Il se mit à rire. Je ne compris pas en quoi c’était drôle mais je l’imitais, riant aux éclats. Fou Vaillant le disait ; il faut rire avec les gens pour devenir leur ami. Après ça, on discuta un peu. J’appris qu’il s’appelait Morvax, qu’il venait de la côte et qu’il avait été élevé par une cuisinière, qu’il était habitué à manger du poisson, des légumes en sauce et du lard et que son plat préféré était le poulet farci. J’essayai de tout retenir en vue de le marquer plus tard dans mon carnet. Quand le repas se termina, une fille proposa une partie de Chantefleur. Dépitée, je chuchotais à Lectrice :

— Je ne sais pas y jouer.

— Les explications sont un peu longues. A la bibliothèque, il y a un livre ; les grands jeux du royaume du cerf. Les règles de tous nos jeux sont dedans, va y jeter un œil. Il est dans la catégorie des livres entre 150 et 175 pages.
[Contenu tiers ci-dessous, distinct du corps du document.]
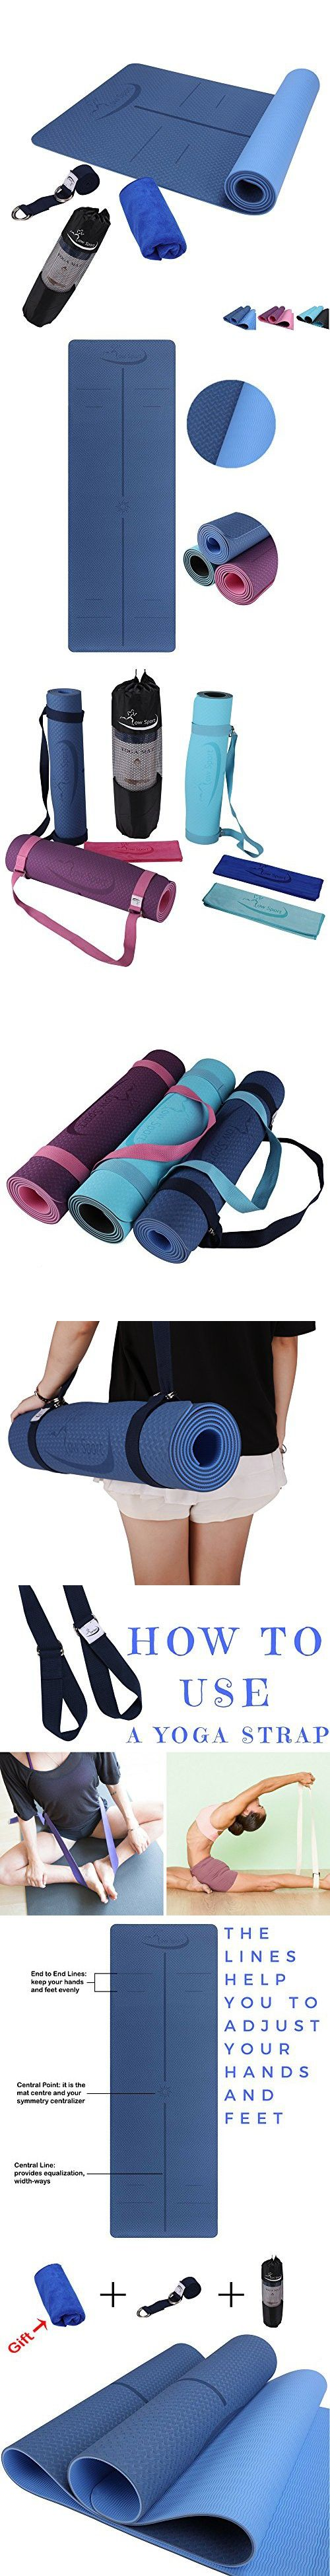 Hot Yoga Mat Set By Low Sport 100 Tpe Yoga Mat Strap Carrying Bag Free Bonus Yoga Hand Towel Non Slip Eco Friendly Super Elastic Yoga Mats For Women Hot
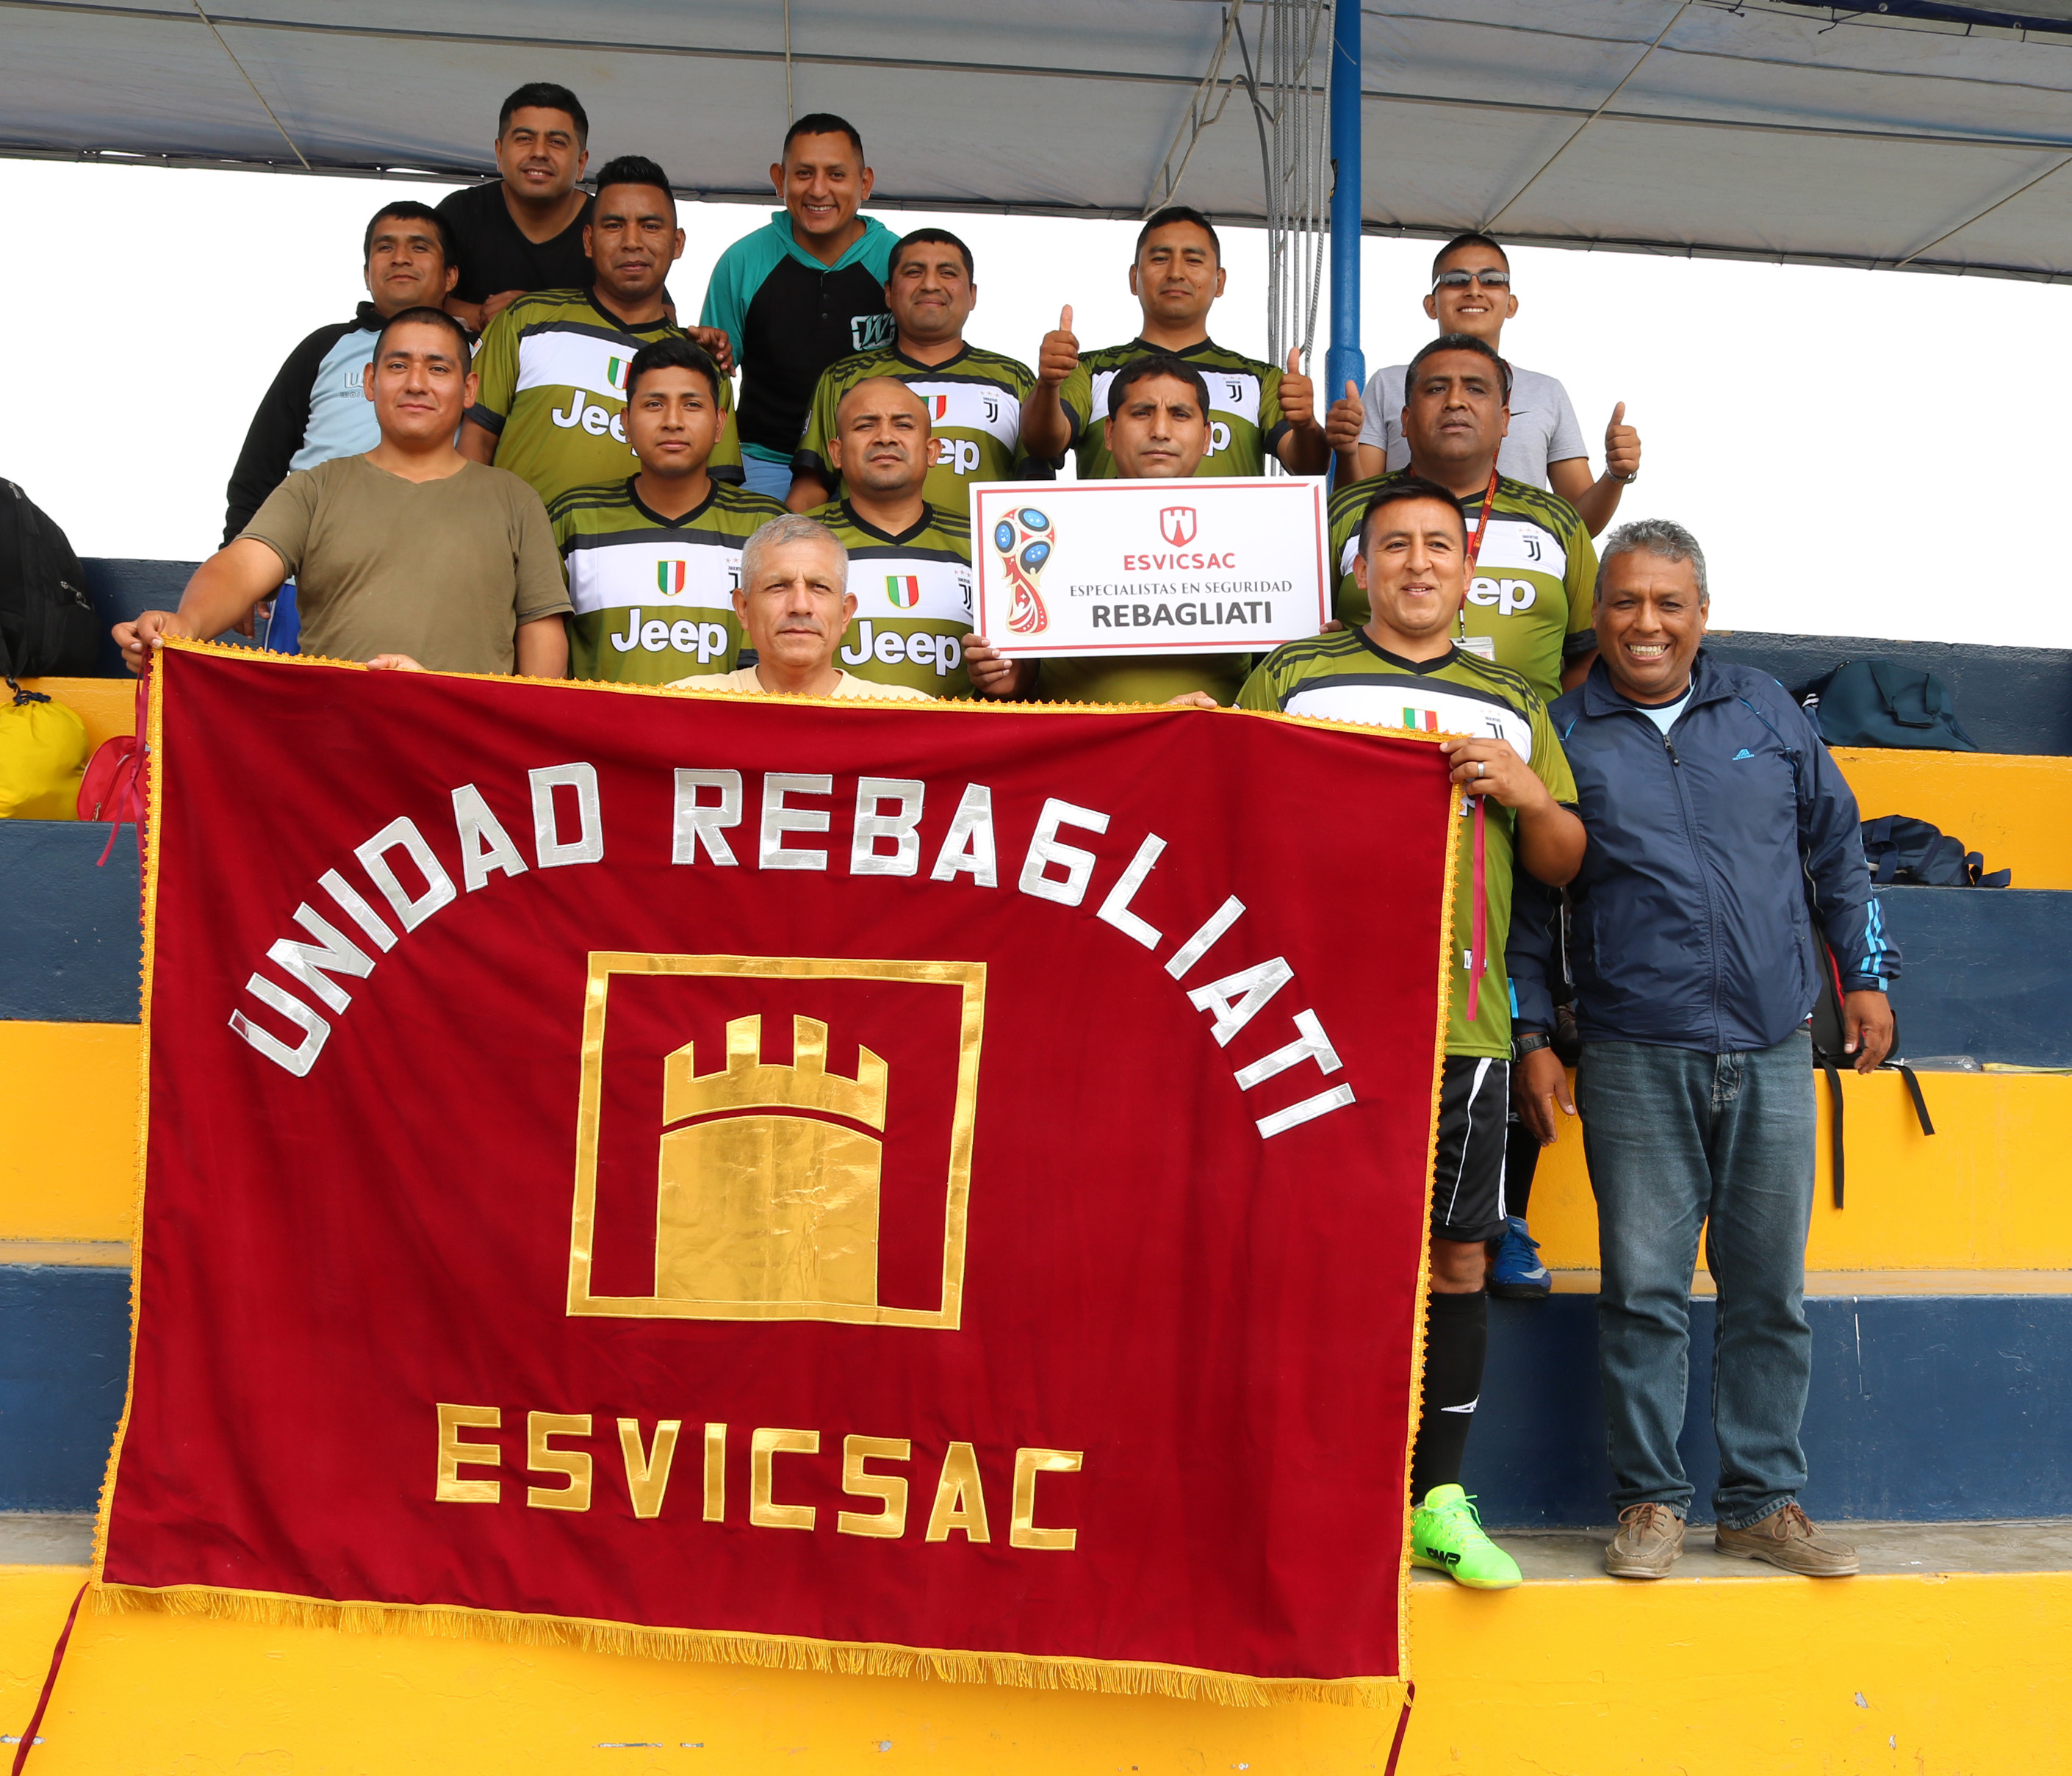 Inauguraci³n Del Mundialito ESVICSAC 2018 – ESVICSAC

Je la remerciais et dédiais mon temps libre du jour à l’apprentissage des règles inutilement complexes du Chantefleur. Le plus important semblait-il, était que le trois d’Ephe valait deux pluies chagrines, et que le premier a avoir un bouquet gagnait la partie.

Les jours qui suivirent, je découvris la joie de jouer avec d’autres enfants. Je ne comprenais jamais vraiment les parties, ne gagnait pas une seule fois, mais au moins je n’étais pas seule. Quand je nettoyais la salle de bain maintenant, il arrivait qu’on me sourie, où qu’on me fasse un coucou. Morvax s’arrêtait même pour râler un coup, faisant remarquer comme ils manquaient de diversité de savons.

La deuxième chose qui changea ma vie pour le meilleur, était qu’enfin nous hument droit à des cours de théologie avec Piéconfus. Il nous faisait asseoir dans la pelouse les fins de matinée, et nous narrait l’histoire des dieux, jour après jour. Nous en étions au deuxième siècle après l’ensemencement quand il se ramena avec de petits carrés de tissu.

— Aujourd’hui je vous apprends à faire des prières officielles !

Il sortit un pot d’herbes séchées et nous fit en mettre au centre du tissu noir.

— Pendant que vous les faites, il fait que vous ayez une volonté. Pensez à un souhait que vous avez par exemple.

— Je veux réussir l’examen d’érudition, déclara Lectrice très concentrée.

Piéconfus serra les dents et la reprit :

— Par exemple, mais il faut le faire à voix basse…

— C’est quoi cet examen, demandais-je ?

— Une épreuve que l’on peut passer une fois par an au château du roi. Ceux qui réussissent rejoignent la guilde des érudits et travaillent dans les archives royales.

— Oh, et tu vas le faire ?

Le mentor soupira :

— Malheureusement, Divin ne sera pas d’accord. Mais… Tu as le droit de demander ce que tu veux à notre déesse, même des choses qui semblent impossibles.

Lectrice ne dit plus rien et scella sa bourse de prière, un air de détermination sur le visage. J’avais bien une idée de souhait ambitieux : aller vivre à Erodea, le pays des îles flottantes, des arbres ciels et des ruisseaux d’argent. J’étudiais attentivement la géographie depuis que je l’avais découvert, afin d’anticiper mon itinéraire. Divin n’accepterais jamais que je parte, mais je n’aurais qu’à omettre de lui demander l’autorisation.

Ensuite, nous allâmes au temple, déposer nos dons aux pieds de Tristana. Elle était restée inchangée, tout aussi belle qu’à mon arrivée. Mon cœur battait vite lorsque je ressortis.